Bug #25528 Connector/J Not Handling Unicode (UTF8) Properly
Submitted: 10 Jan 2007 18:02 Modified: 26 Jul 2007 17:11
Reporter: Paul Dlug Email Updates:
Status: Can't repeat Impact on me:
None 
Category:Connector / J Severity:S1 (Critical)
Version:5.0.4 OS:Any (Any)
Assigned to: Alexander Soklakov CPU Architecture:Any

[10 Jan 2007 18:02] Paul Dlug
Description:
Originally posted to the forum, but decided that this probably deserves attention as a bug since it is fairly serious and can be reproduced: http://forums.mysql.com/read.php?39,134161,134161#msg-134161

I seem to be having some issues with the MySQL JDBC driver when dealing with records written/read by other languages, in a nutshell the problem is: 

1) Write a utf8 string from perl via DBD::mysql to a table, reading back the string it is well formed utf8 (after calling decode_utf8 on it to mark it in perl) 
2) Read back the string with java -- string is mangled 

The problem occurs in reverse as well. Java does read back the strings as valid UTF8 if it writes them itself but they are clearly mangled in mysql command line client or another language such as perl or ruby. 

For example, the first record below was written with perl, the second with java: 

mysql> select * from articles; 
+-------------------+ 
| title | 
+-------------------+ 
| Mössbauer Effect | 
| M??ssbauer Effect | 
+-------------------+ 

Clearly the first record is correct, validly formed utf8 data.

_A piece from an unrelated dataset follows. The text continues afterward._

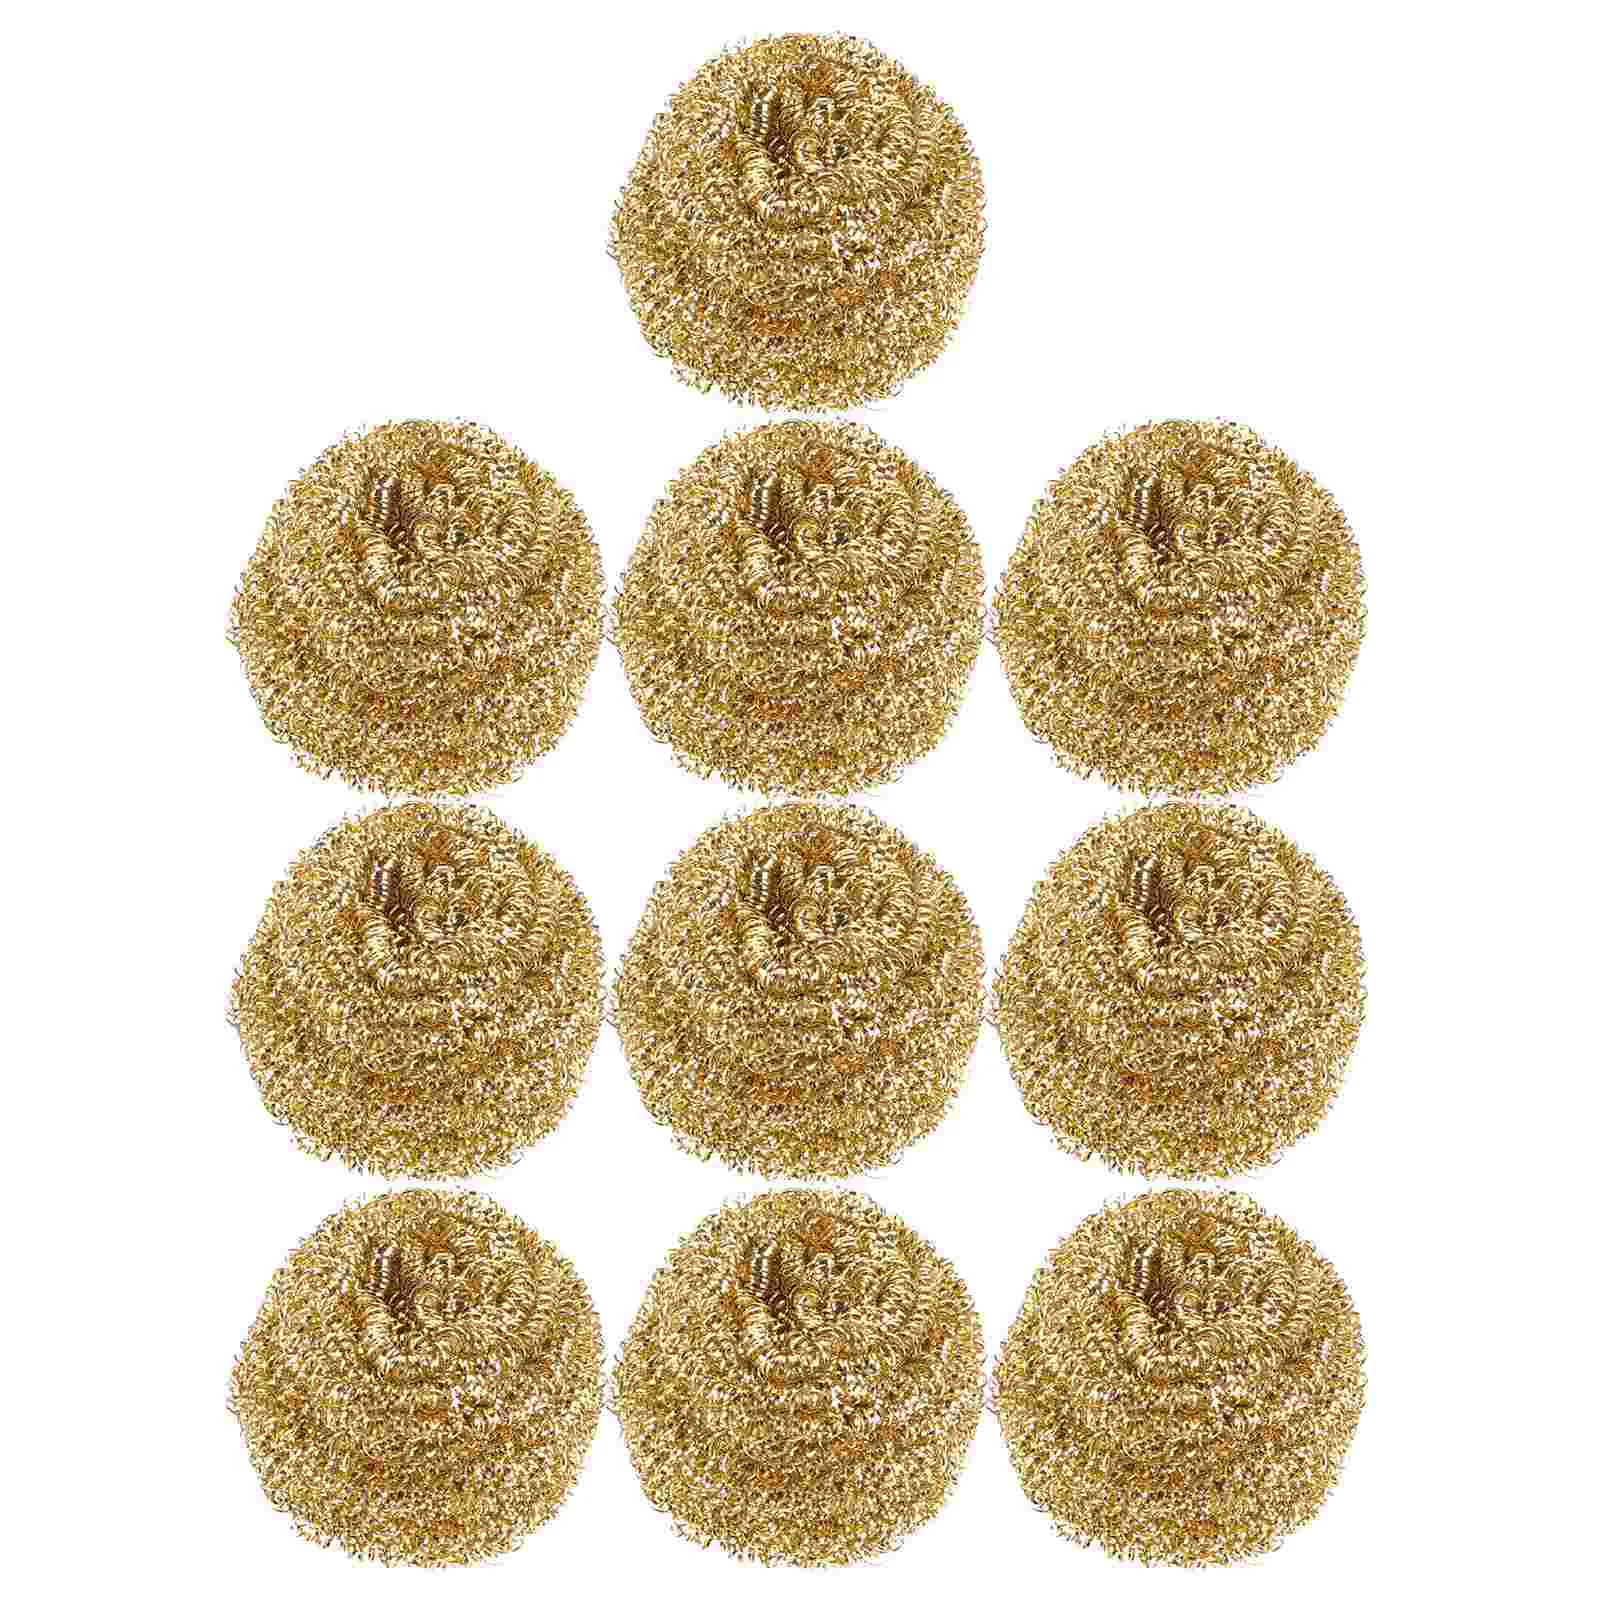 

10 Pcs Sponge Cleaner for Solder Irons Soldering Tip Cleaning Ball Detergent Wire Brass Nozzle

I have ruled this out as a problem with java utf8 string handling itself because if I read in a file containing utf8 data and write it out to another I am able to diff it with no changes and read it with perl and ruby as perfectly well formed utf8 data. I have also tested this using utf8 data over a servlet with the appropriate encodings, transferring utf8 data this way between languages works just fine. The problem appears to be isolated to writing to a MySQL DB via JDBC. 

All of my tables are InnoDB with character set utf8, collation utf8_bin. Defaults on the server are the same. I have tested with server versions 5.0.24 and 5.1.14 both with MySQL Connector/J version 5.0.4. The connect string I am using with JDBC has the options: useUnicode=true&characterEncoding=UTF-8&characterSetResults=UTF-8 

What am I doing wrong here? Is there a bug with Connector/J? 

I can provide code samples and other information as needed.

How to repeat:
Default and table charset set to utf8, collation utf8_bin

1. Write a utf8 string to a table using DBD::mysql (perl) or ruby mysql

2. Read back the string using perl or ruby, well formed utf8 string

3. Read back the string using Connector/J, mangled utf8 string results.

Or in reverse:

1. Write a utf8 string to a table using Connector/J

2. Read back the string using Connector/J, well formed utf8 string as far as java is concerned.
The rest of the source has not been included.